**Your goal:**
Without the images, reproduce each line of the material exactly.

**Supplied material:**

..........

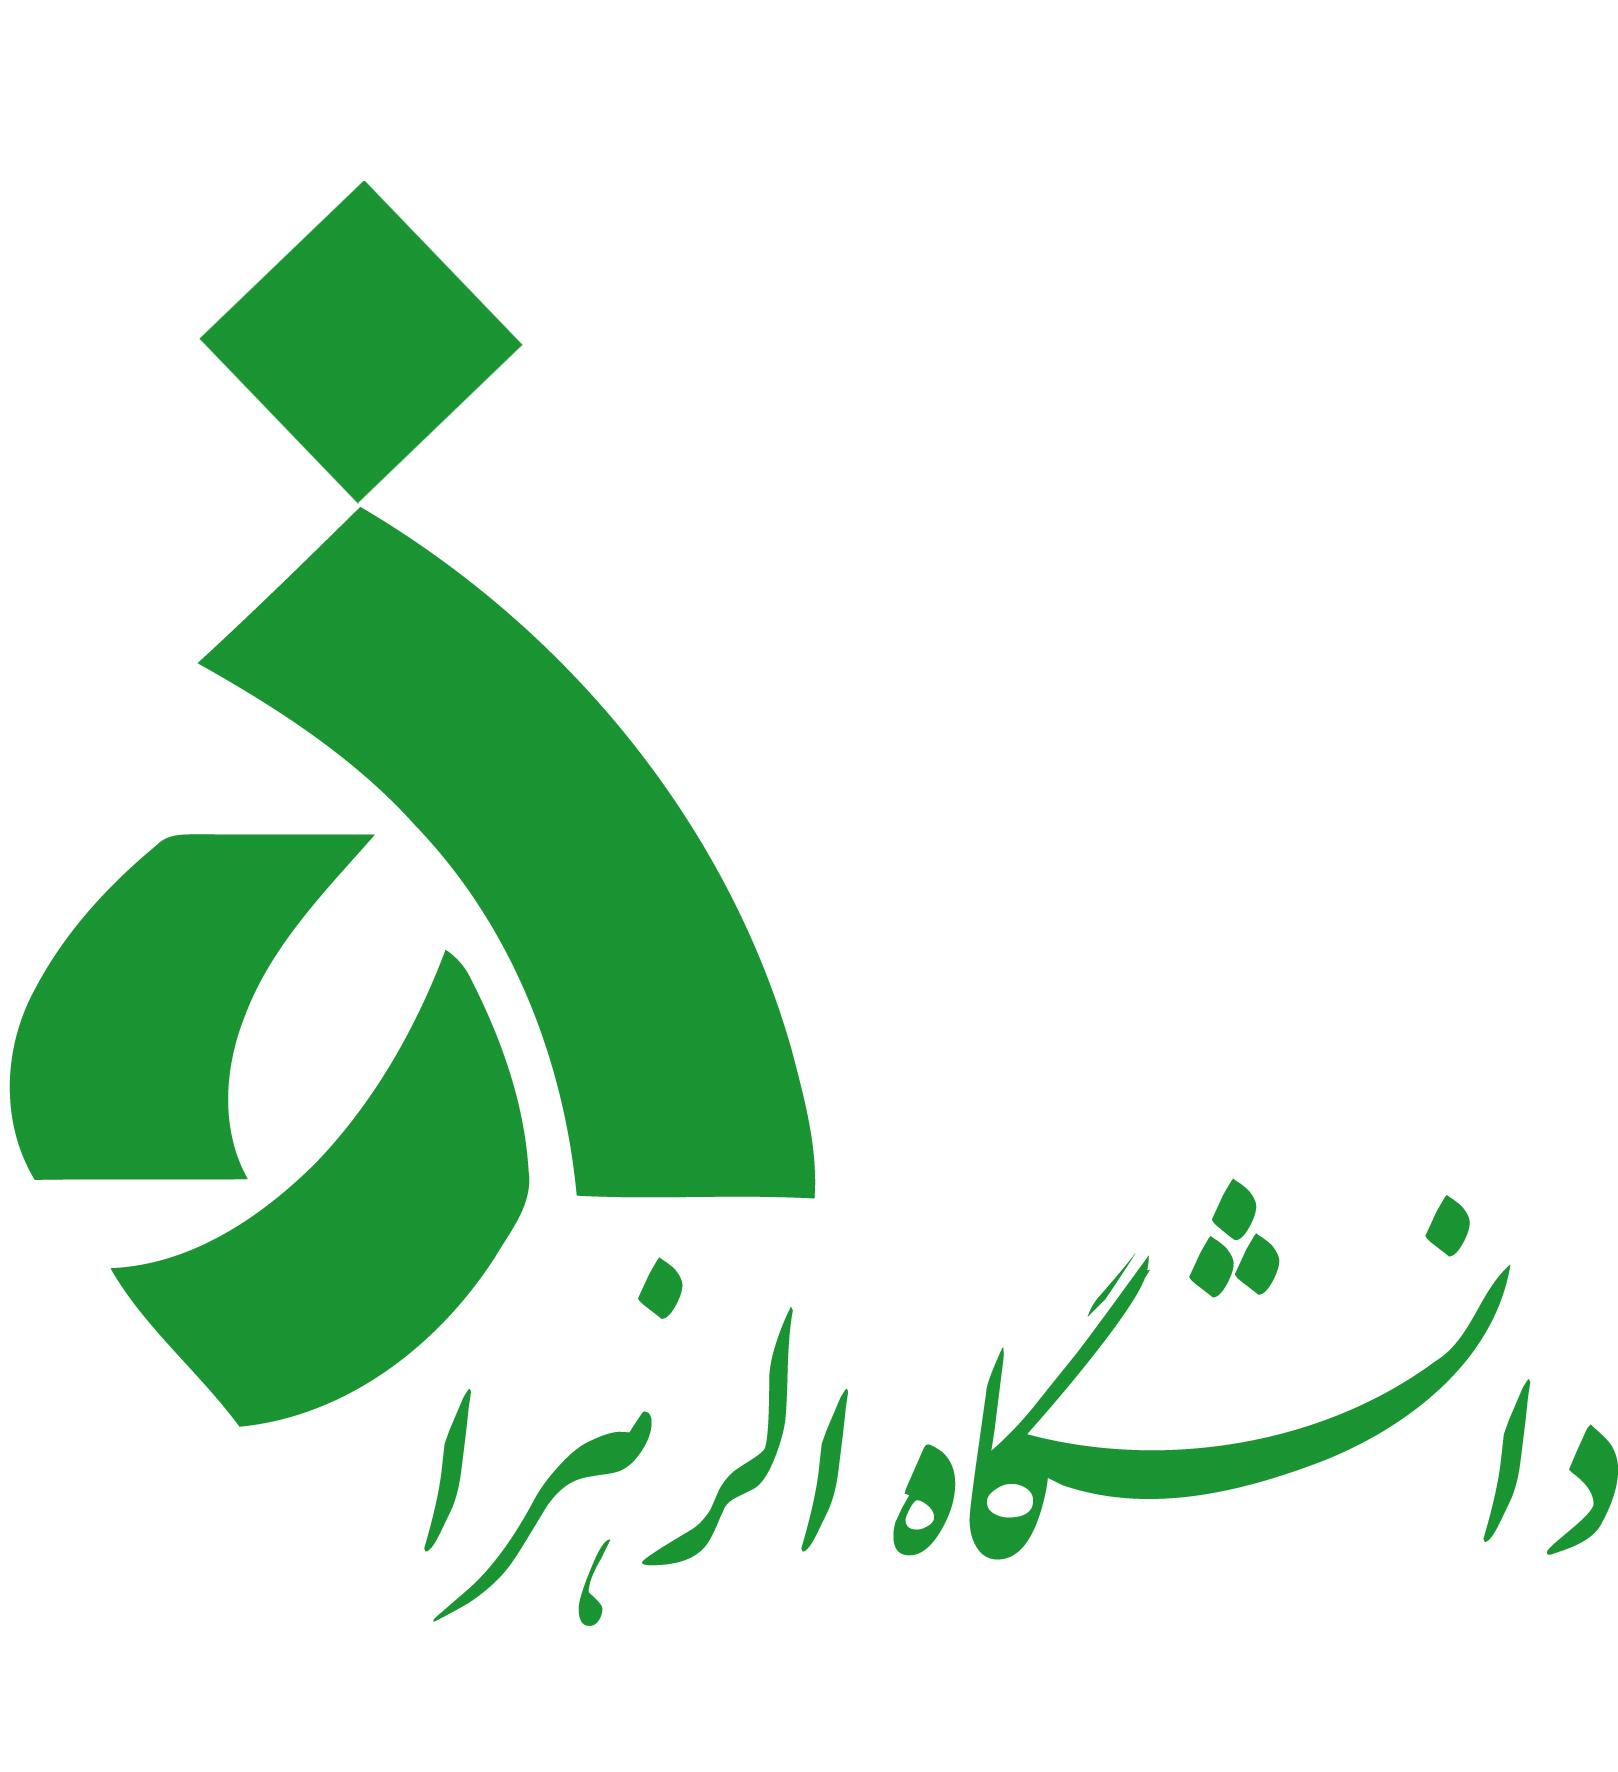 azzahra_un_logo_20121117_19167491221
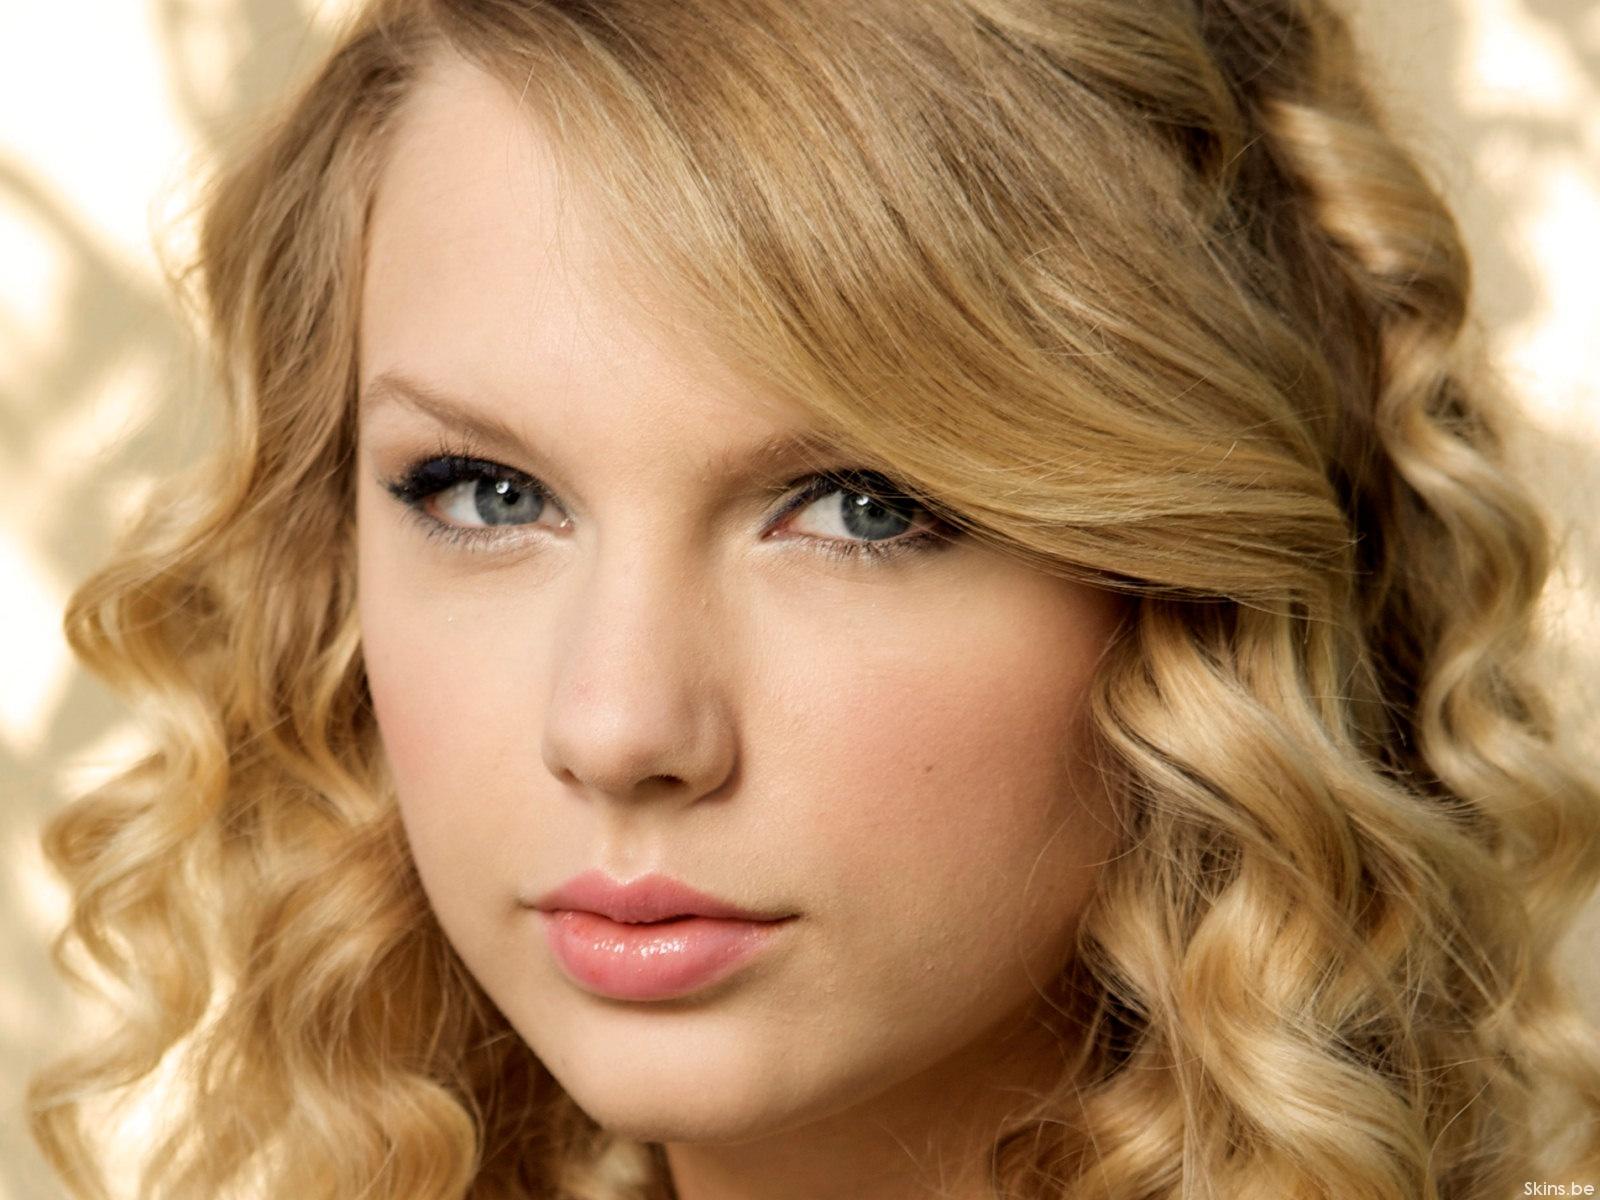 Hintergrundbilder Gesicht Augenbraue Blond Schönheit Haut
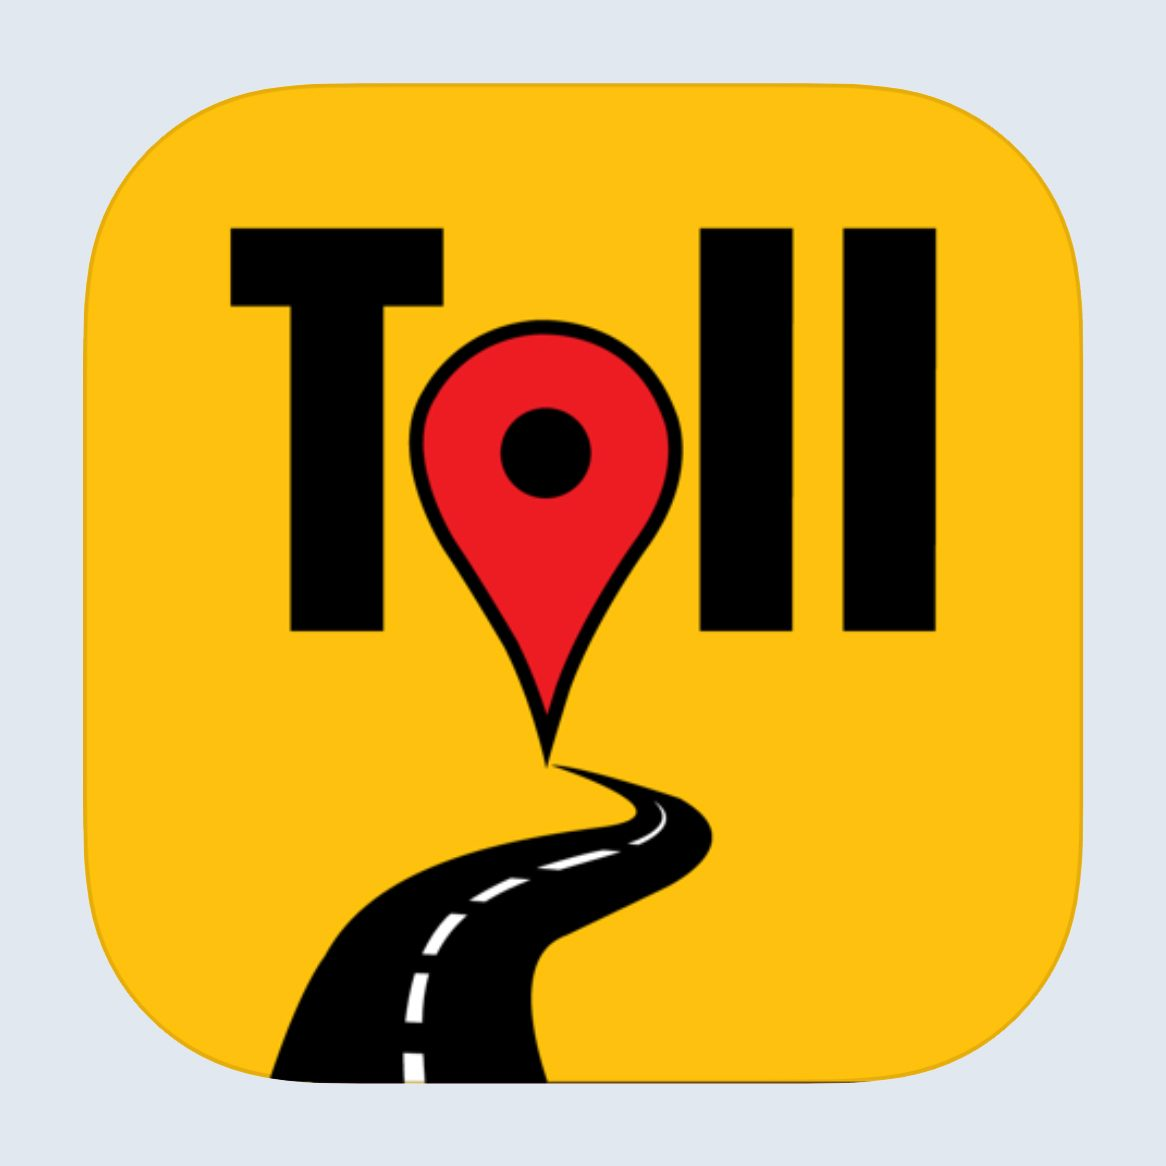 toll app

..........

**Task response:**
 azzahra_un_logo_20121117_19167491221
 Hintergrundbilder Gesicht Augenbraue Blond Schönheit Haut
 toll app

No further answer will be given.